Exercise instructions →
Retype the listing below exactly, pictures removed.

Data block →

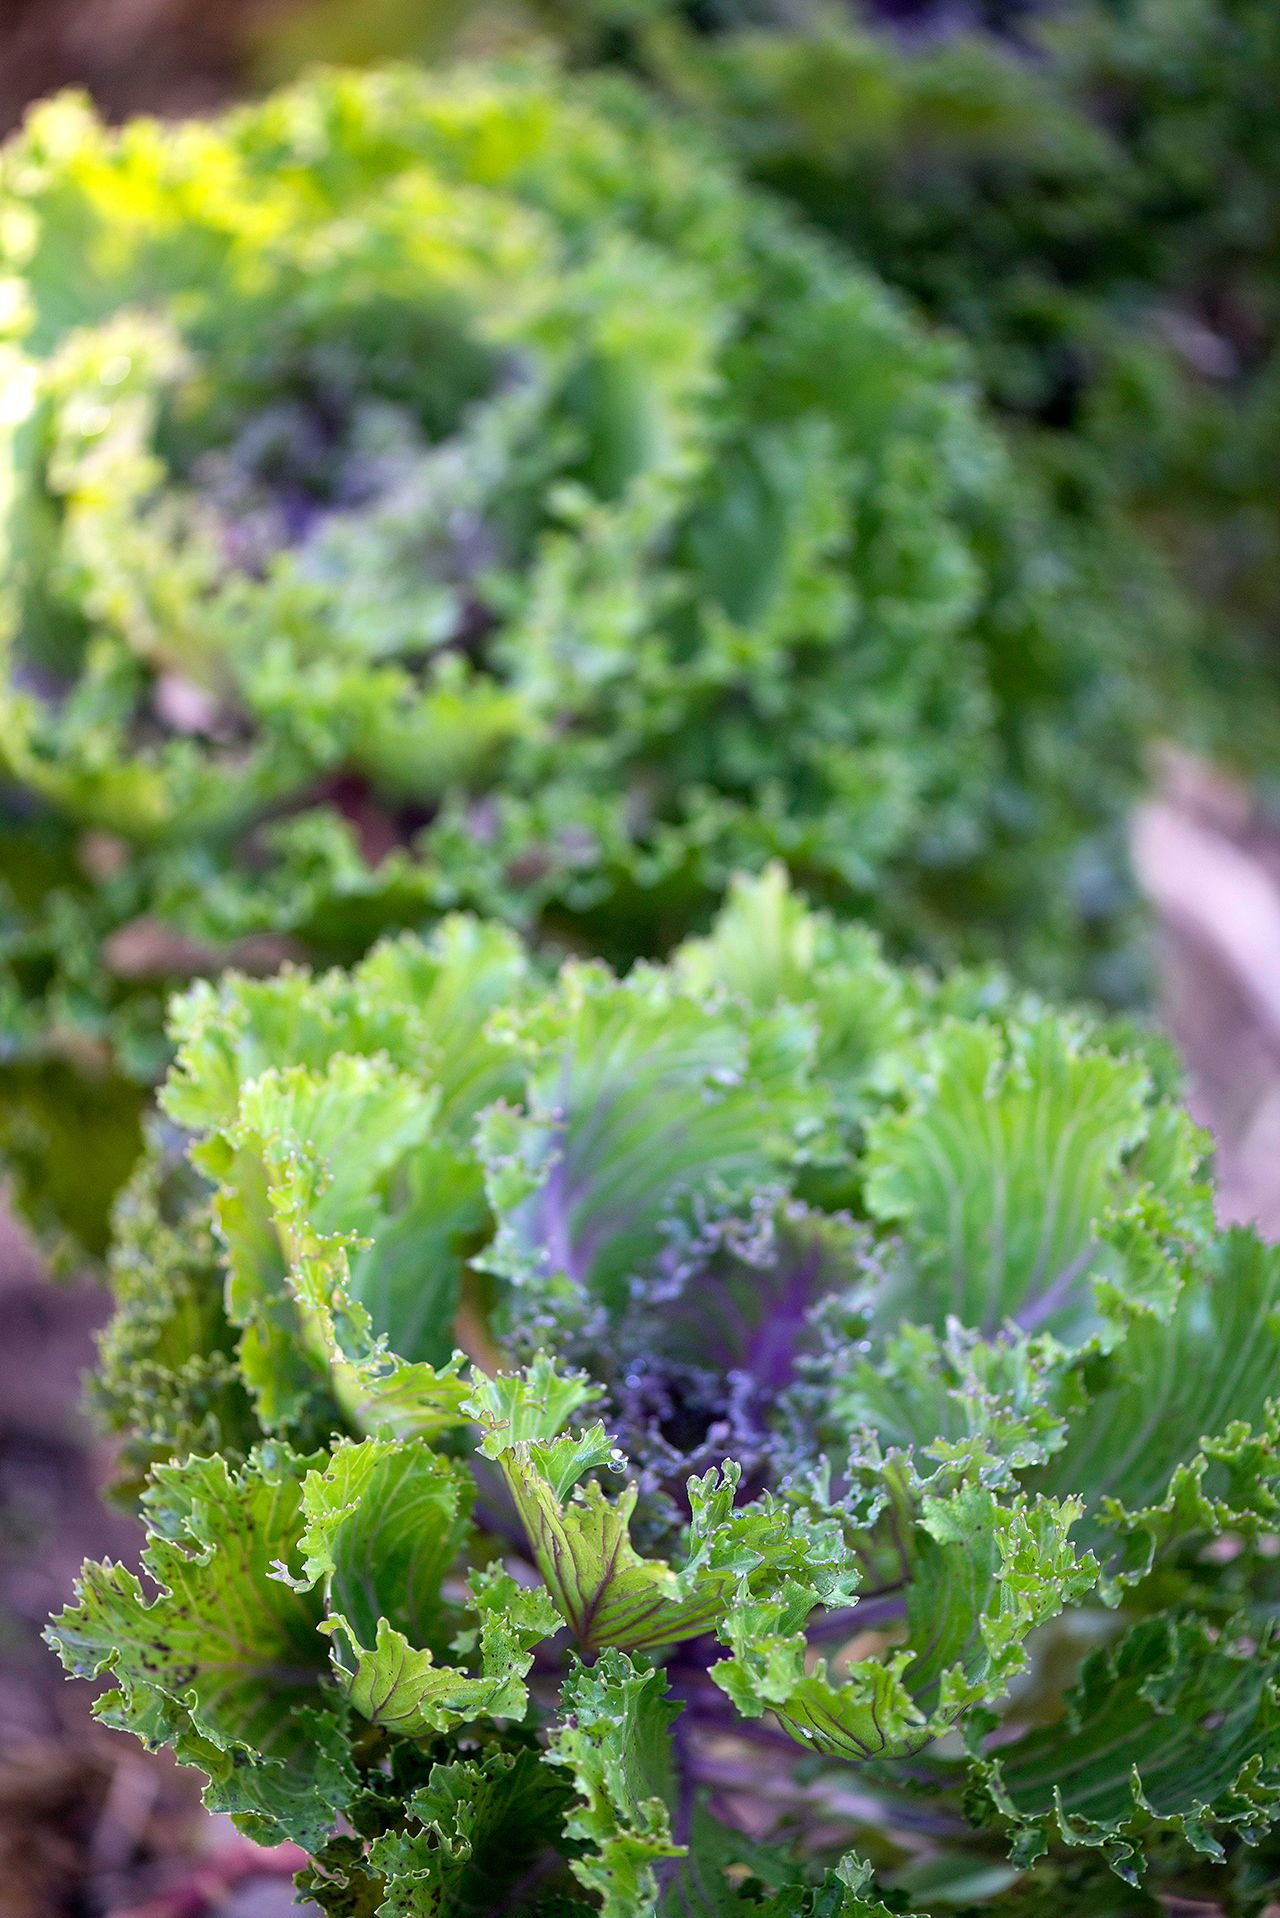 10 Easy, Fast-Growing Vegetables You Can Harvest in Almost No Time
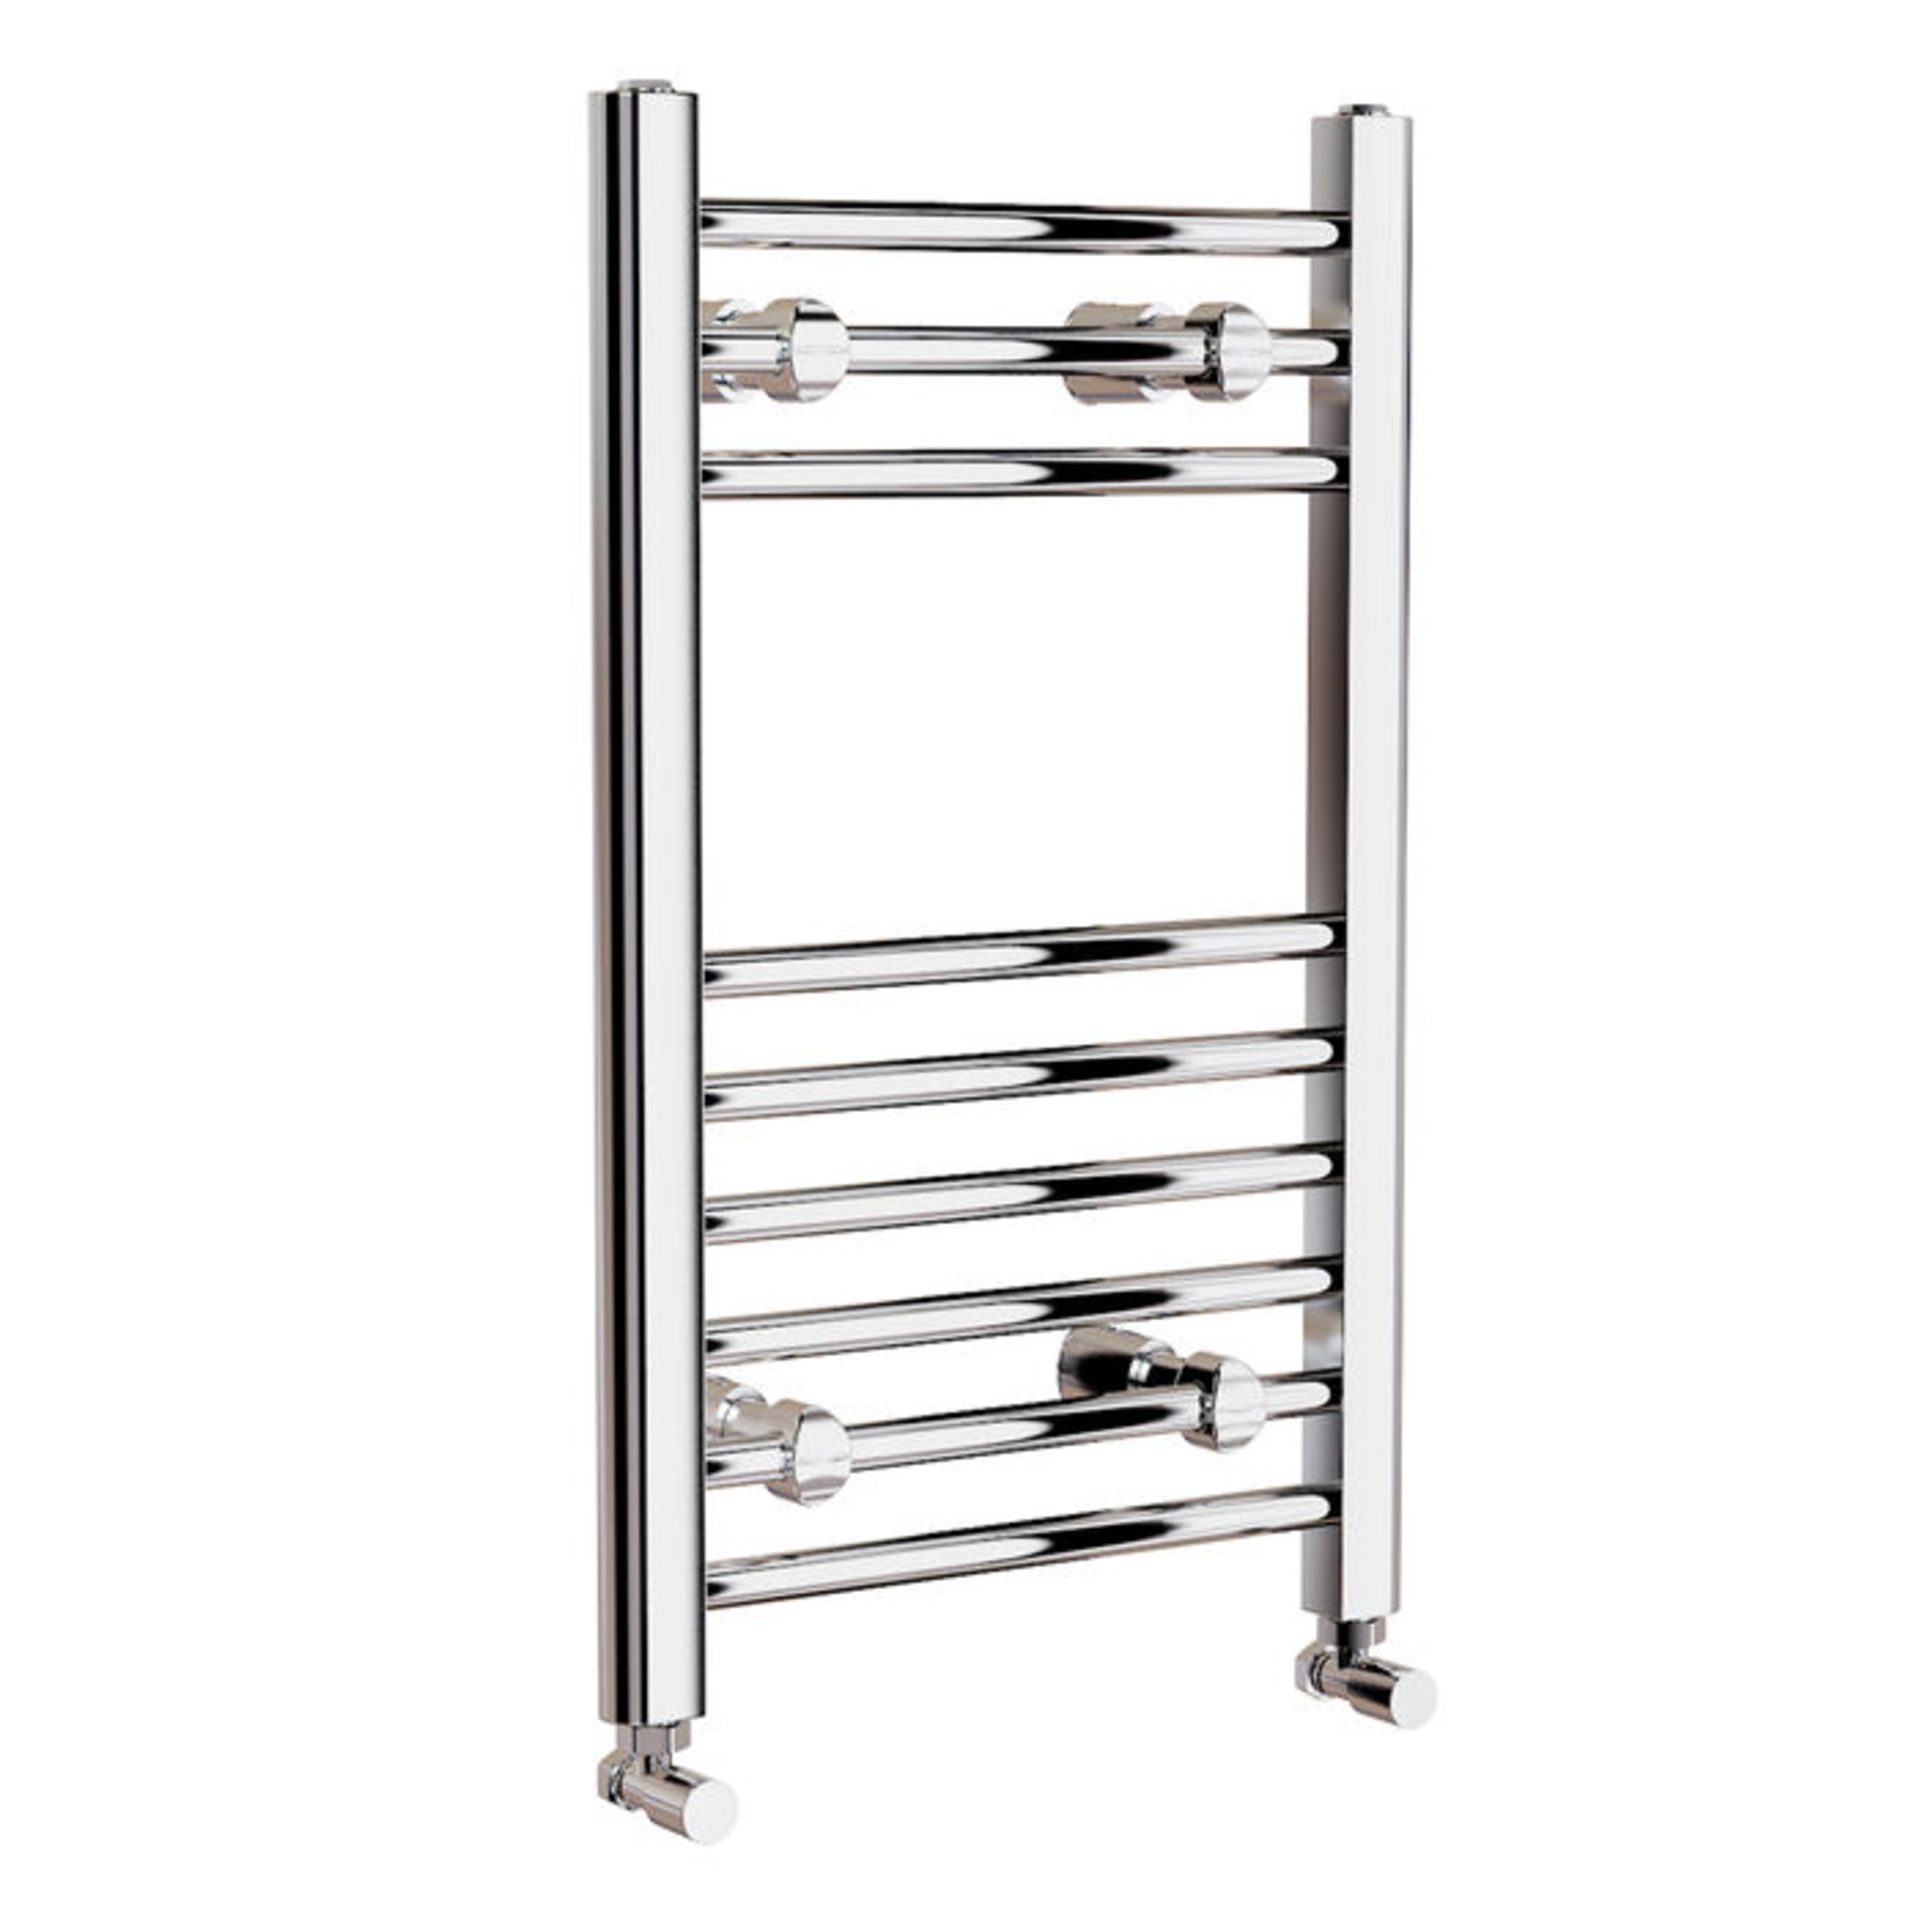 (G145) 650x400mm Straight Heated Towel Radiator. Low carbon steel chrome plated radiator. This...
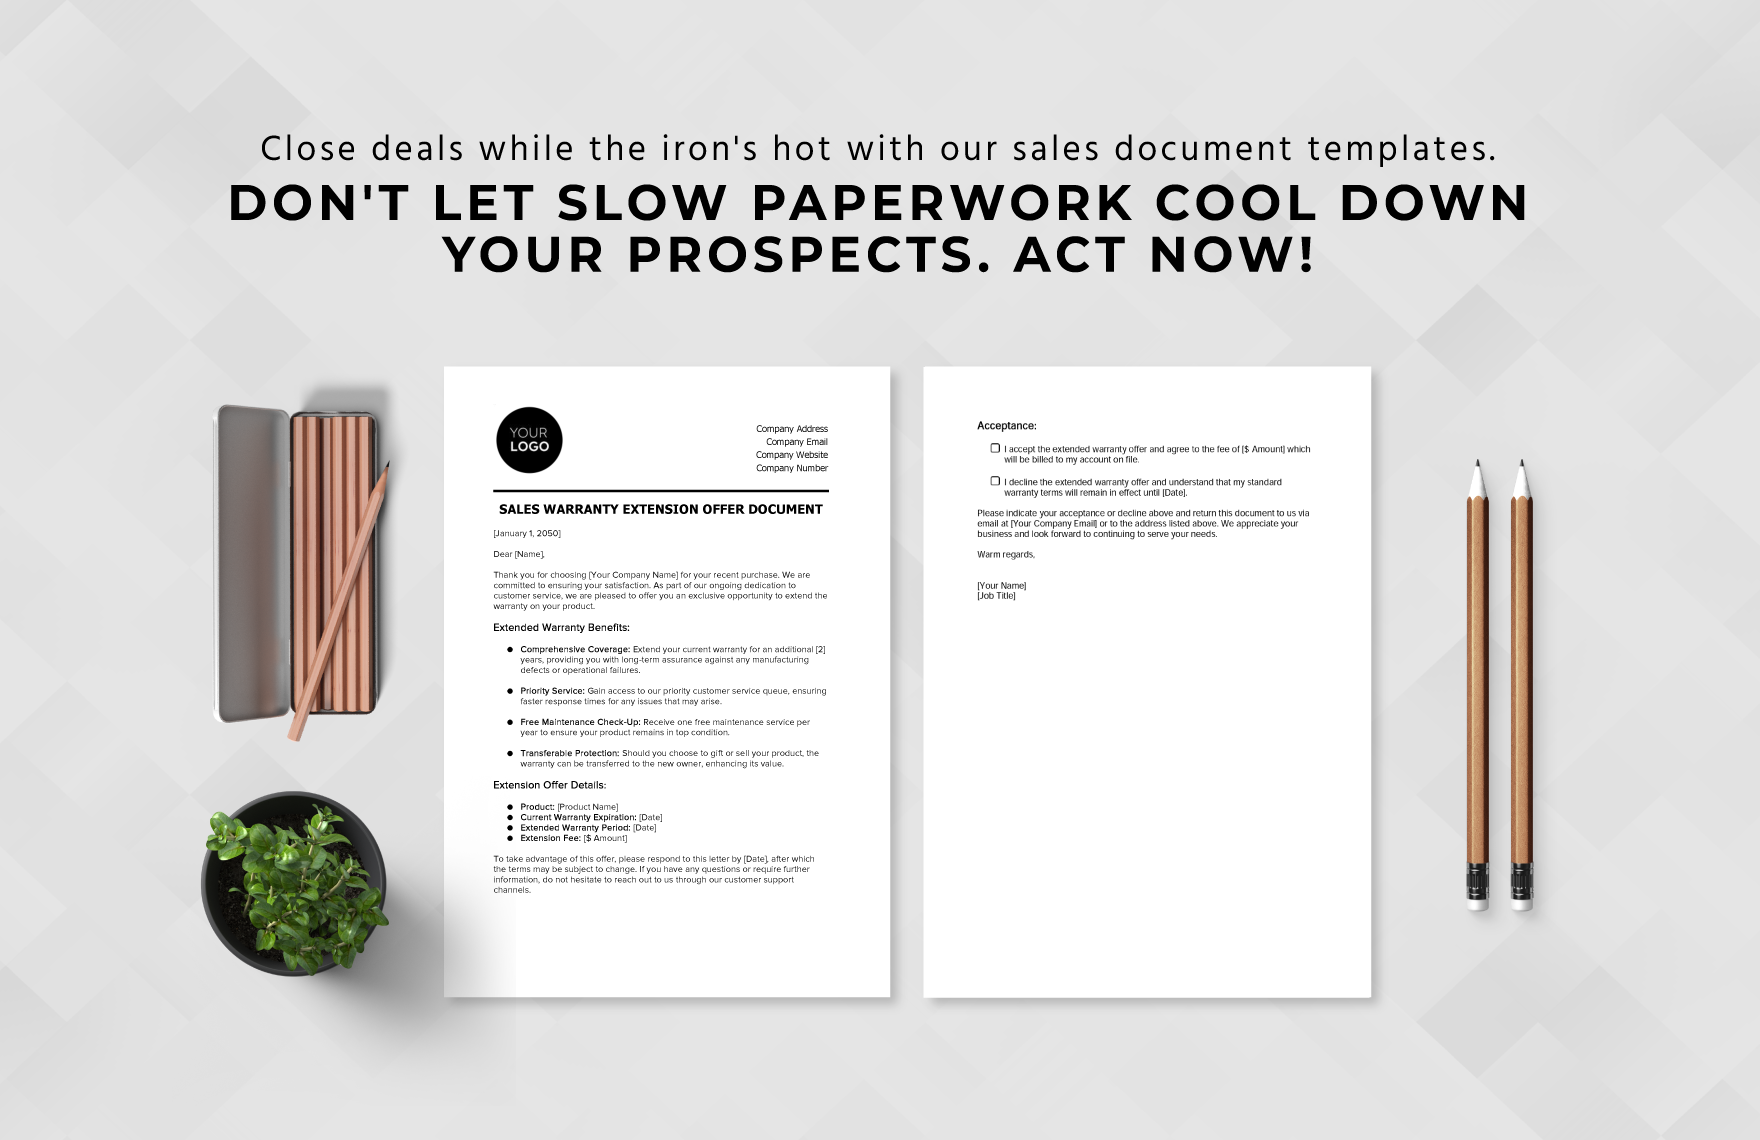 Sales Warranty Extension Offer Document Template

Your response →
 10 Easy, Fast-Growing Vegetables You Can Harvest in Almost No Time
 (G145) 650x400mm Straight Heated Towel Radiator. Low carbon steel chrome plated radiator. This...
 Sales Warranty Extension Offer Document Template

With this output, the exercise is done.